**What you have to do**. The answer must be only the lines below from the one holding "Odd Rumor Links" down to the one holding "Associate Product North", ends included, printed exactly; please omit all pictures.

-- Provided entries follows --

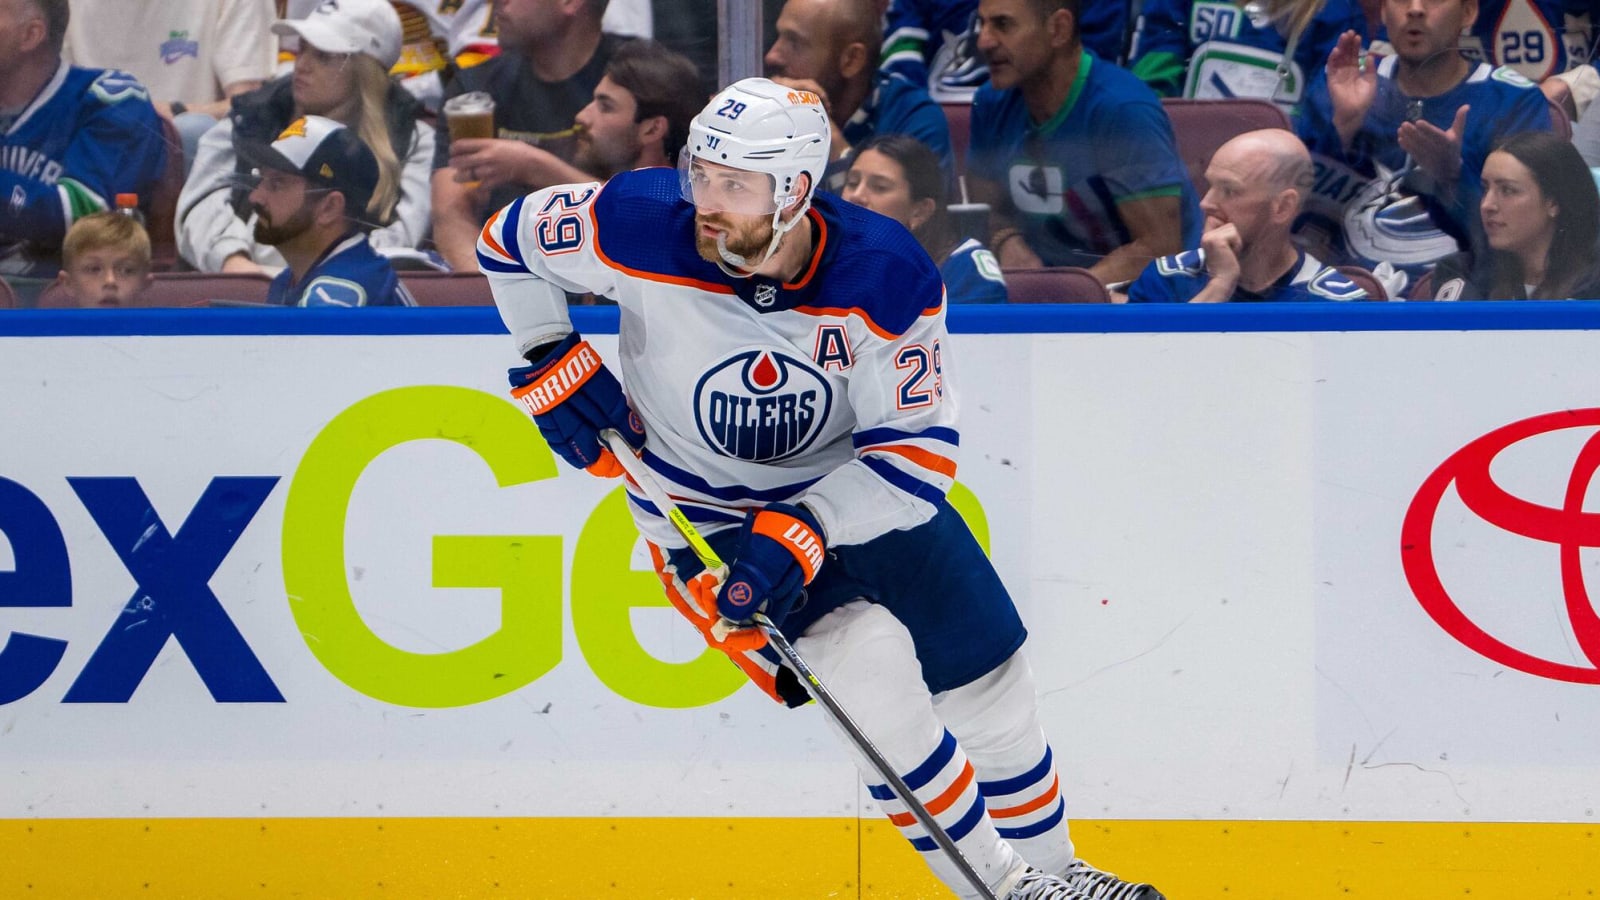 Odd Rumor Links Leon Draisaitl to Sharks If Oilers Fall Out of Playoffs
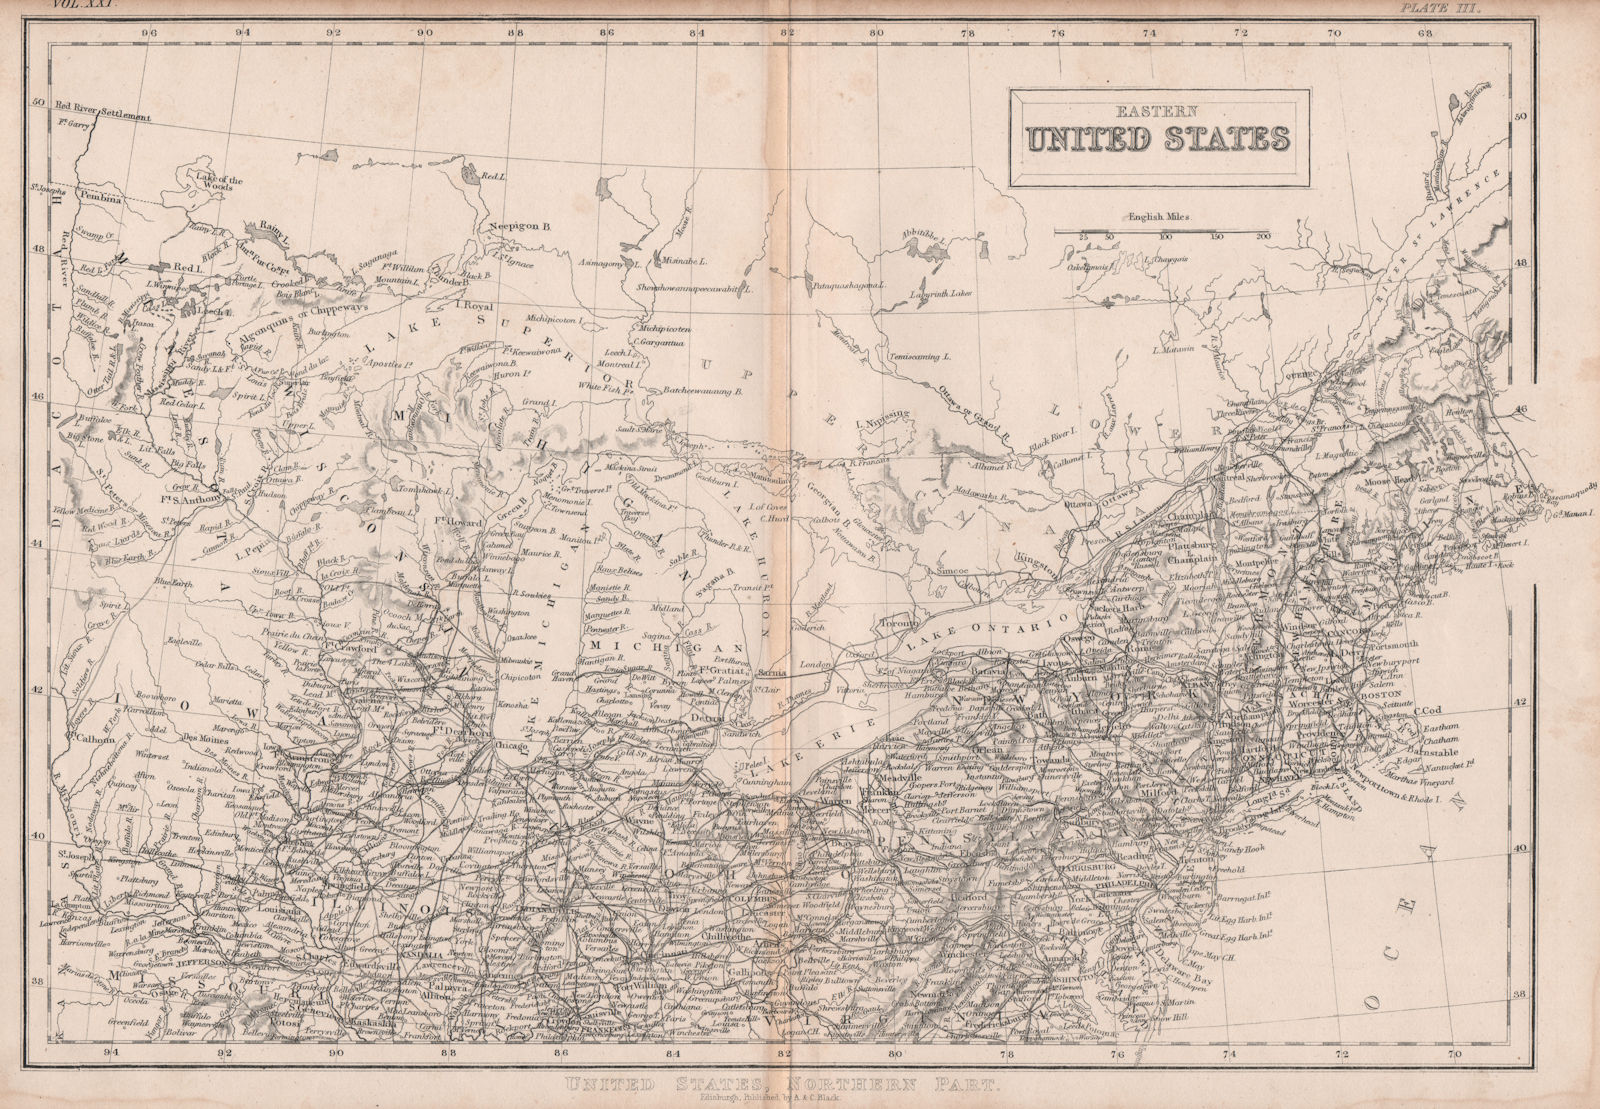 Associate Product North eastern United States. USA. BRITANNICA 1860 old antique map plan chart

-- Provided entries concluded --
-- Provided entries follows --

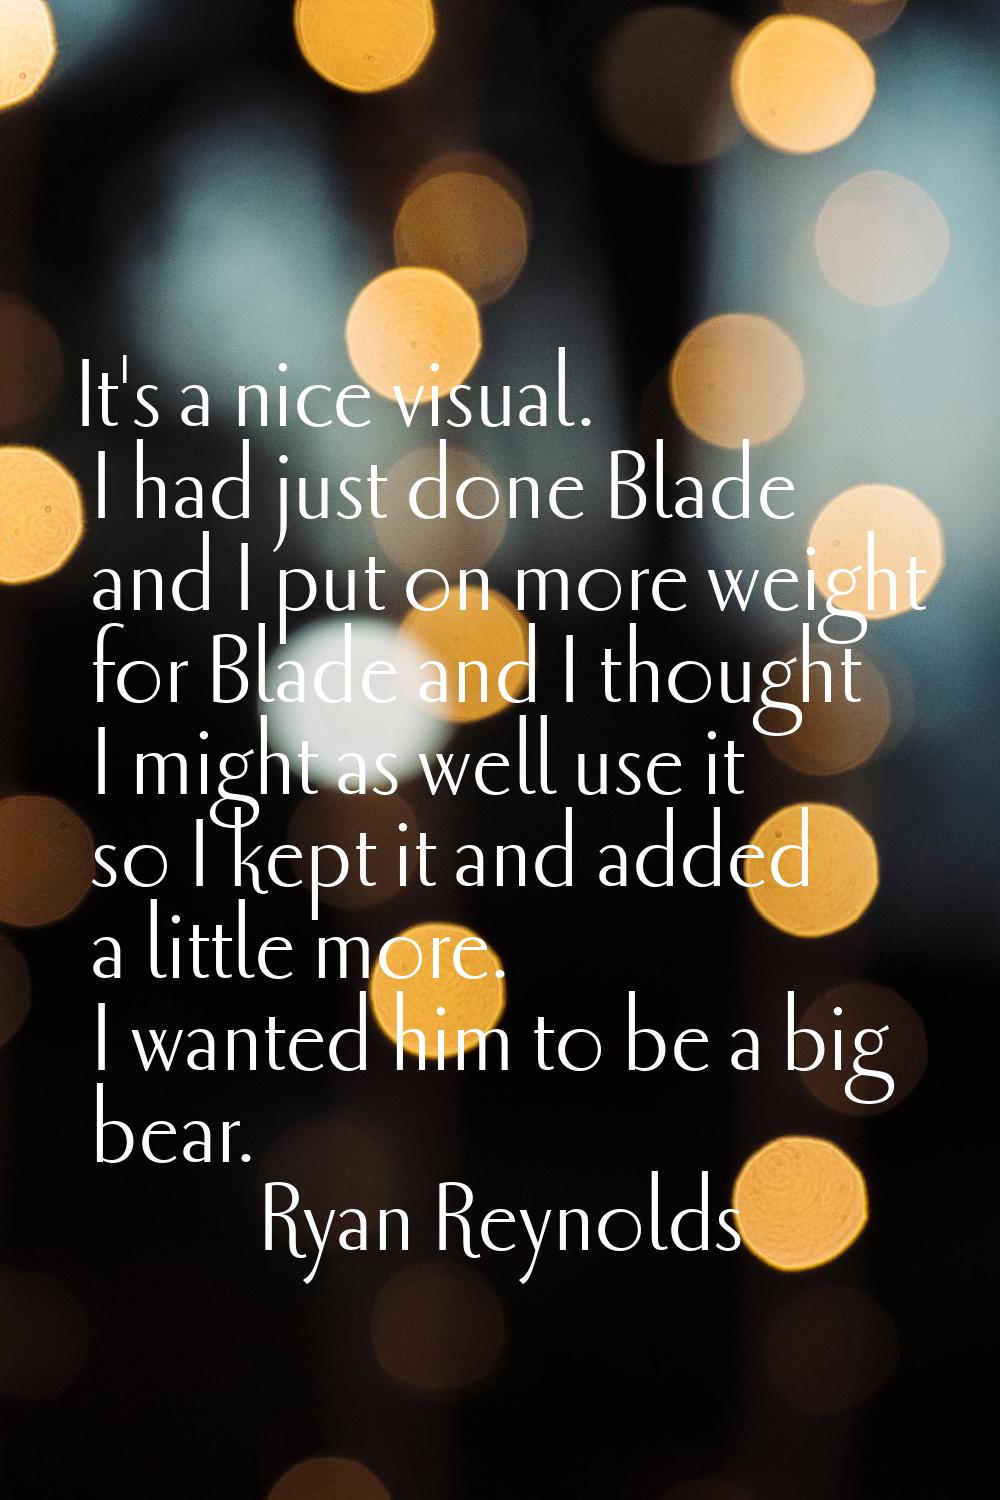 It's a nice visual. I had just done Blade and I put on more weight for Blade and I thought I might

-- Provided entries concluded --

**Task solution**.
 Odd Rumor Links Leon Draisaitl to Sharks If Oilers Fall Out of Playoffs
 Associate Product North eastern United States. USA. BRITANNICA 1860 old antique map plan chart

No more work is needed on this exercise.